Software and hardware engineering cannot be easily segregated at Google. At MSN and Yahoo hardware and software are more loosely-coupled. Two examples will illustrate these differences.

Microsoft – with some minor excursions into the Xbox game machine and peripherals – develops operating systems and traditional applications. Microsoft has multiple operating systems, and its engineers are hard at work on the company’s next-generation of operating systems.

Several observations are warranted:

1. Unlike Google, Microsoft does not focus on performance as an end in itself. As a result, Microsoft gets performance the way most computer users do. Microsoft buys or upgrades machines. Microsoft does not fiddle with its operating systems and their subfunctions to get that extra time slice or two out of the hardware.

2. Unlike Google, Microsoft has to support many operating systems and invest time and energy in making certain that important legacy applications such as Microsoft Office or SQLServer can run on these new operating systems. Microsoft has a boat anchor tied to its engineer’s ankles. The boat anchor is the need to ensure that legacy code works in Microsoft’s latest and greatest operating systems.

3. Unlike Google, Microsoft has no significant track record in designing and building hardware for distributed, massively parallelised computing.
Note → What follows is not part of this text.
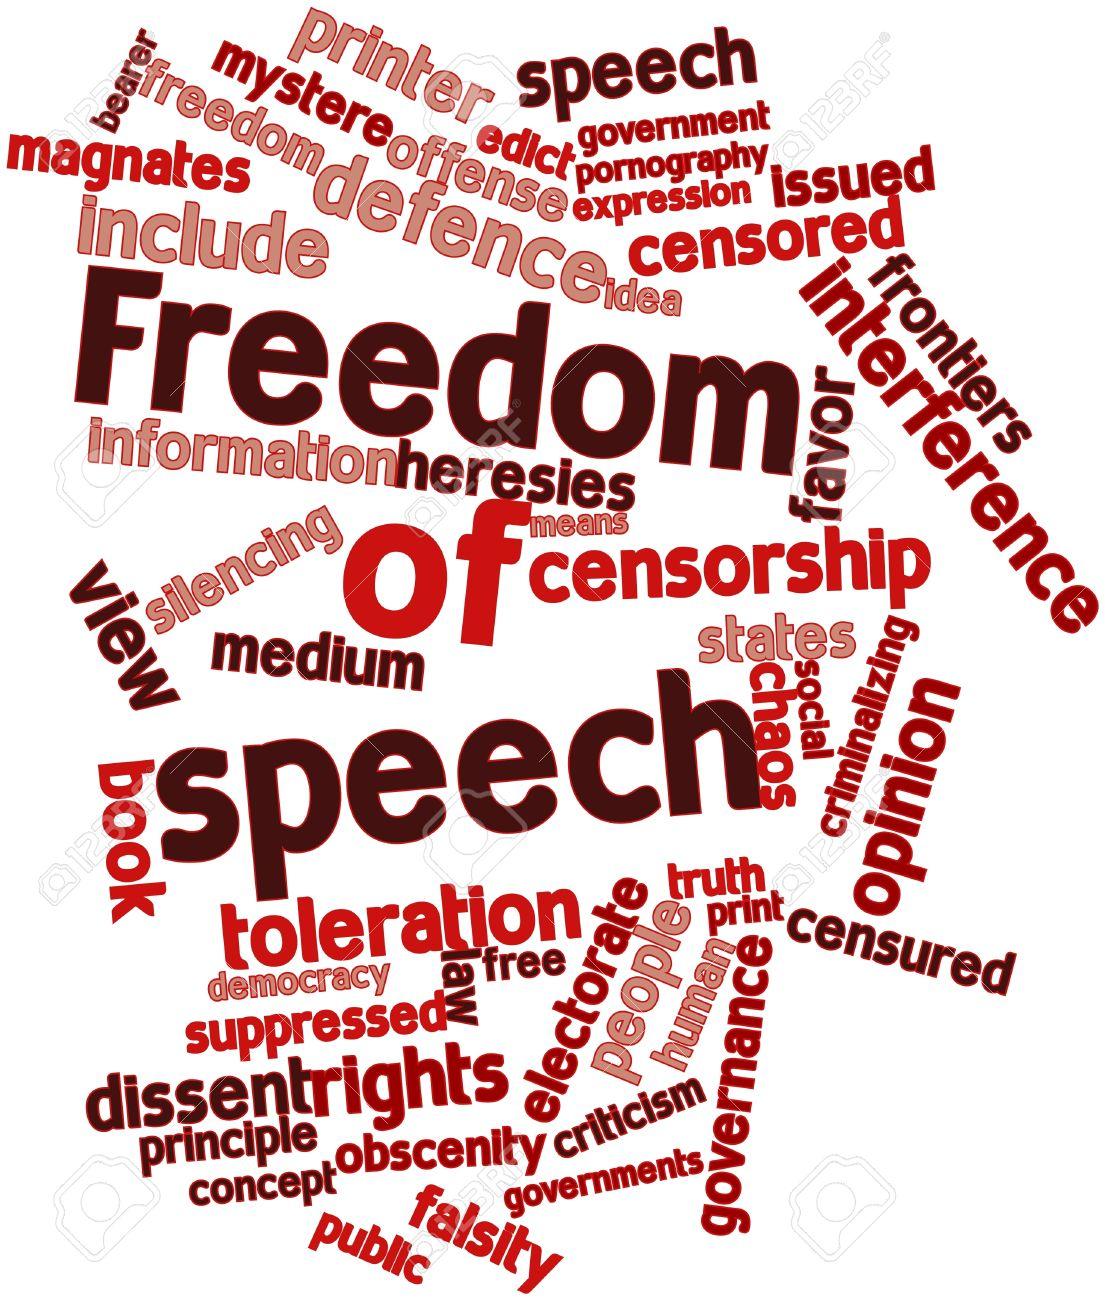 関連タグと用語と言論の自由のた...

The mice and keyboards were a success. Microsoft has continued to lose money on the Xbox, and the sudden demise of Microsoft’s entry into the home network hardware market provides more evidence that Microsoft does not have a hardware competency equal to Google’s.

Yahoo! operates differently from both Google and Microsoft. Yahoo! is in mid-2005 a direct competitor to Google for advertising dollars. Yahoo! has grown through acquisitions. In search, for example, Yahoo acquired 3721.com to handle Chinese language search and retrieval. Yahoo bought Inktomi to provide Web search. Yahoo bought Stata Labs in order to provide users with search and retrieval of their Yahoo! mail. Yahoo! also owns AllTheWeb.com, a Web search site created by FAST Search & Transfer. Yahoo! owns the Overture search technology used by advertisers to locate key words to bid on. Yahoo! owns Alta Vista, the Web search system developed by Digital Equipment Corp. Yahoo! licenses InQuira search for customer support functions. Yahoo has a jumble of search technology; Google has one search technology.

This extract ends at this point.